Blood Adv 2019 12;3(24):4238-4251

University of Bourgogne Franche-Comté, INSERM, Établissement Français du Sang Bourgogne/Franche-Comté, Unite Mixte de Recherche (UMR) 1098, RIGHT (Interactions Greffon-Hôte-Tumeur/Ingénierie Cellulaire et Génique), Besançon, France.

Blastic plasmacytoid dendritic cell neoplasm (BPDCN) is a rare and aggressive leukemia for which we developed a nationwide network to collect data from new cases diagnosed in France. In a retrospective, observational study of 86 patients (2000-2013), we described clinical and biological data focusing on morphologies and immunophenotype. We found expression of markers associated with plasmacytoid dendritic cell origin (HLA-DRhigh, CD303+, CD304+, and cTCL1+) plus CD4 and CD56 and frequent expression of isolated markers from the myeloid, B-, and T-lymphoid lineages, whereas specific markers (myeloperoxidase, CD14, cCD3, CD19, and cCD22) were not expressed. Fifty-one percent of cytogenetic abnormalities impact chromosomes 13, 12, 9, and 15. Myelemia was associated with an adverse prognosis.
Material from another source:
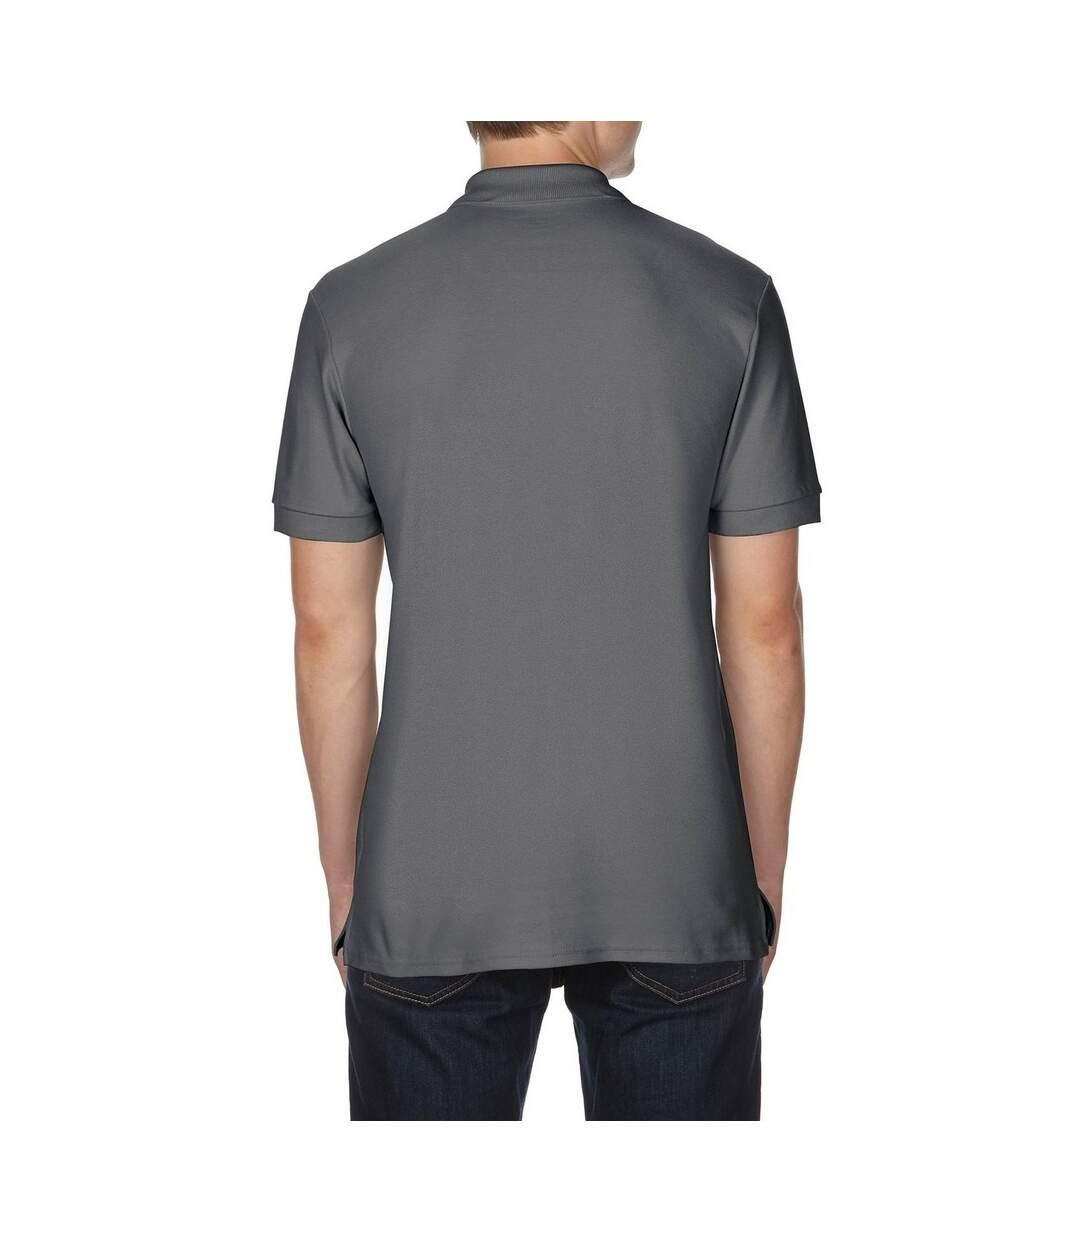 Gildan Mens Premium Cotton Sport Double Pique Polo Shirt (Charcoal) - UTBC3194

We categorized chemotherapeutic regimens into 5 groups: acute myeloid leukemia (AML)-like, acute lymphoid leukemia (ALL)-like, lymphoma (cyclophosphamide, doxorubicin, vincristine, and prednisone [CHOP])-like, high-dose methotrexate with asparaginase (Aspa-MTX) chemotherapies, and not otherwise specified (NOS) treatments. Thirty patients received allogeneic hematopoietic cell transplantation (allo-HCT), and 4 patients received autologous hematopoietic cell transplantation. There was no difference in survival between patients receiving AML-like, ALL-like, or Aspa-MTX regimens; survival was longer in patients who received AML-like, ALL-like, or Aspa-MTX regimens than in those who received CHOP-like regimens or NOS. Eleven patients are in persistent complete remission after allo-HCT with a median survival of 49 months vs 8 for other patients. Our series confirms a high response rate with a lower toxicity profile with the Aspa-MTX regimen, offering the best chance of access to hematopoietic cell transplantation and a possible cure.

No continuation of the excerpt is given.